**EXERCISE GOAL**:
All of the records should come back exactly as written.

**EXERCISE MATERIAL**:
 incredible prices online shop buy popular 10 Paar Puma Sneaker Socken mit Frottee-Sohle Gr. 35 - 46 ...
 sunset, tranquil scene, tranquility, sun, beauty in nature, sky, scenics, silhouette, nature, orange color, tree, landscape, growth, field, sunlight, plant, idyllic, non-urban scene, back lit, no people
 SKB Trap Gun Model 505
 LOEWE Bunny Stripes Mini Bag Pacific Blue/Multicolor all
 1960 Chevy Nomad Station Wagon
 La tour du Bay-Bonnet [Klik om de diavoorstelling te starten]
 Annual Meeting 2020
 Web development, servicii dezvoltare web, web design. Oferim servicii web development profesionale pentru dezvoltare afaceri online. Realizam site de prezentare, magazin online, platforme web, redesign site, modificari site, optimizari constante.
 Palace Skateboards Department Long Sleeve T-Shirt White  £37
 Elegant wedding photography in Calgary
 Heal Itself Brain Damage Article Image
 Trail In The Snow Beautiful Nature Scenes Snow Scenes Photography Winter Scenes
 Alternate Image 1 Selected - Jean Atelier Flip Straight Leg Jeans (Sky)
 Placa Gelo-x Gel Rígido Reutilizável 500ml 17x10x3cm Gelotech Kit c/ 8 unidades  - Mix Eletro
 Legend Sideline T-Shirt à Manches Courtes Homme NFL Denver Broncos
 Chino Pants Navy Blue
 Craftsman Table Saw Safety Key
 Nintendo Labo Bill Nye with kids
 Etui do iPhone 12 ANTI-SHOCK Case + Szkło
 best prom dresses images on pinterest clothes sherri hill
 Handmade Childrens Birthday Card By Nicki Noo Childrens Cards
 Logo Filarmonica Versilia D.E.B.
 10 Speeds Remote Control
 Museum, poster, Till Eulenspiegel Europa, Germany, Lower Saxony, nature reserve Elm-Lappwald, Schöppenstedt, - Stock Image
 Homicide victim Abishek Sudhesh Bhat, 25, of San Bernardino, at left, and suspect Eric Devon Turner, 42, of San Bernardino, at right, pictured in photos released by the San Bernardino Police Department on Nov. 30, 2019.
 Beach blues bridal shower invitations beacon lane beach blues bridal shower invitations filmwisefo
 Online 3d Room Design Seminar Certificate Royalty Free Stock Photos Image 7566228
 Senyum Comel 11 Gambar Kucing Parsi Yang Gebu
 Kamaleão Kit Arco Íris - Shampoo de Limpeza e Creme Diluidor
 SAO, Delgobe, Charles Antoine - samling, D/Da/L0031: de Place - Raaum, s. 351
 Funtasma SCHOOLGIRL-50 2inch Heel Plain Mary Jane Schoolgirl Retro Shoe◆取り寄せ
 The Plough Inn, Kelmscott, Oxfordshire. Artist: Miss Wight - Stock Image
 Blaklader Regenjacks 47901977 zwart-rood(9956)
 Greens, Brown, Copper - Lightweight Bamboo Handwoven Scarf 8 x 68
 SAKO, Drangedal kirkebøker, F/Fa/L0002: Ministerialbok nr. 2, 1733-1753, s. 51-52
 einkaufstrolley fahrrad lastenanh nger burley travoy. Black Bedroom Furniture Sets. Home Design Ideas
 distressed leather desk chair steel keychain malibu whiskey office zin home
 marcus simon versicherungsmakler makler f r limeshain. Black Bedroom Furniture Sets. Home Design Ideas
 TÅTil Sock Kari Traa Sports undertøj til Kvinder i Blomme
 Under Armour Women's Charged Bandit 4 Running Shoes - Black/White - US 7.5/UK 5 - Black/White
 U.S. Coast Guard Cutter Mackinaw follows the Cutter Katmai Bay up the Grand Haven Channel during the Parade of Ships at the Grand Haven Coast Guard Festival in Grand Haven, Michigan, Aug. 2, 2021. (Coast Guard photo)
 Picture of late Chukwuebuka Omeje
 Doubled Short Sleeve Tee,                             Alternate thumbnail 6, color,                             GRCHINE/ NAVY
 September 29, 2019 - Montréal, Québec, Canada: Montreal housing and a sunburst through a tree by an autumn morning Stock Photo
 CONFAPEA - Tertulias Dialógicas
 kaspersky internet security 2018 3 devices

**RESULT FOR THIS TASK**:
 incredible prices online shop buy popular 10 Paar Puma Sneaker Socken mit Frottee-Sohle Gr. 35 - 46 ...
 sunset, tranquil scene, tranquility, sun, beauty in nature, sky, scenics, silhouette, nature, orange color, tree, landscape, growth, field, sunlight, plant, idyllic, non-urban scene, back lit, no people
 SKB Trap Gun Model 505
 LOEWE Bunny Stripes Mini Bag Pacific Blue/Multicolor all
 1960 Chevy Nomad Station Wagon
 La tour du Bay-Bonnet [Klik om de diavoorstelling te starten]
 Annual Meeting 2020
 Web development, servicii dezvoltare web, web design. Oferim servicii web development profesionale pentru dezvoltare afaceri online. Realizam site de prezentare, magazin online, platforme web, redesign site, modificari site, optimizari constante.
 Palace Skateboards Department Long Sleeve T-Shirt White  £37
 Elegant wedding photography in Calgary
 Heal Itself Brain Damage Article Image
 Trail In The Snow Beautiful Nature Scenes Snow Scenes Photography Winter Scenes
 Alternate Image 1 Selected - Jean Atelier Flip Straight Leg Jeans (Sky)
 Placa Gelo-x Gel Rígido Reutilizável 500ml 17x10x3cm Gelotech Kit c/ 8 unidades  - Mix Eletro
 Legend Sideline T-Shirt à Manches Courtes Homme NFL Denver Broncos
 Chino Pants Navy Blue
 Craftsman Table Saw Safety Key
 Nintendo Labo Bill Nye with kids
 Etui do iPhone 12 ANTI-SHOCK Case + Szkło
 best prom dresses images on pinterest clothes sherri hill
 Handmade Childrens Birthday Card By Nicki Noo Childrens Cards
 Logo Filarmonica Versilia D.E.B.
 10 Speeds Remote Control
 Museum, poster, Till Eulenspiegel Europa, Germany, Lower Saxony, nature reserve Elm-Lappwald, Schöppenstedt, - Stock Image
 Homicide victim Abishek Sudhesh Bhat, 25, of San Bernardino, at left, and suspect Eric Devon Turner, 42, of San Bernardino, at right, pictured in photos released by the San Bernardino Police Department on Nov. 30, 2019.
 Beach blues bridal shower invitations beacon lane beach blues bridal shower invitations filmwisefo
 Online 3d Room Design Seminar Certificate Royalty Free Stock Photos Image 7566228
 Senyum Comel 11 Gambar Kucing Parsi Yang Gebu
 Kamaleão Kit Arco Íris - Shampoo de Limpeza e Creme Diluidor
 SAO, Delgobe, Charles Antoine - samling, D/Da/L0031: de Place - Raaum, s. 351
 Funtasma SCHOOLGIRL-50 2inch Heel Plain Mary Jane Schoolgirl Retro Shoe◆取り寄せ
 The Plough Inn, Kelmscott, Oxfordshire. Artist: Miss Wight - Stock Image
 Blaklader Regenjacks 47901977 zwart-rood(9956)
 Greens, Brown, Copper - Lightweight Bamboo Handwoven Scarf 8 x 68
 SAKO, Drangedal kirkebøker, F/Fa/L0002: Ministerialbok nr. 2, 1733-1753, s. 51-52
 einkaufstrolley fahrrad lastenanh nger burley travoy. Black Bedroom Furniture Sets. Home Design Ideas
 distressed leather desk chair steel keychain malibu whiskey office zin home
 marcus simon versicherungsmakler makler f r limeshain. Black Bedroom Furniture Sets. Home Design Ideas
 TÅTil Sock Kari Traa Sports undertøj til Kvinder i Blomme
 Under Armour Women's Charged Bandit 4 Running Shoes - Black/White - US 7.5/UK 5 - Black/White
 U.S. Coast Guard Cutter Mackinaw follows the Cutter Katmai Bay up the Grand Haven Channel during the Parade of Ships at the Grand Haven Coast Guard Festival in Grand Haven, Michigan, Aug. 2, 2021. (Coast Guard photo)
 Picture of late Chukwuebuka Omeje
 Doubled Short Sleeve Tee,                             Alternate thumbnail 6, color,                             GRCHINE/ NAVY
 September 29, 2019 - Montréal, Québec, Canada: Montreal housing and a sunburst through a tree by an autumn morning Stock Photo
 CONFAPEA - Tertulias Dialógicas
 kaspersky internet security 2018 3 devices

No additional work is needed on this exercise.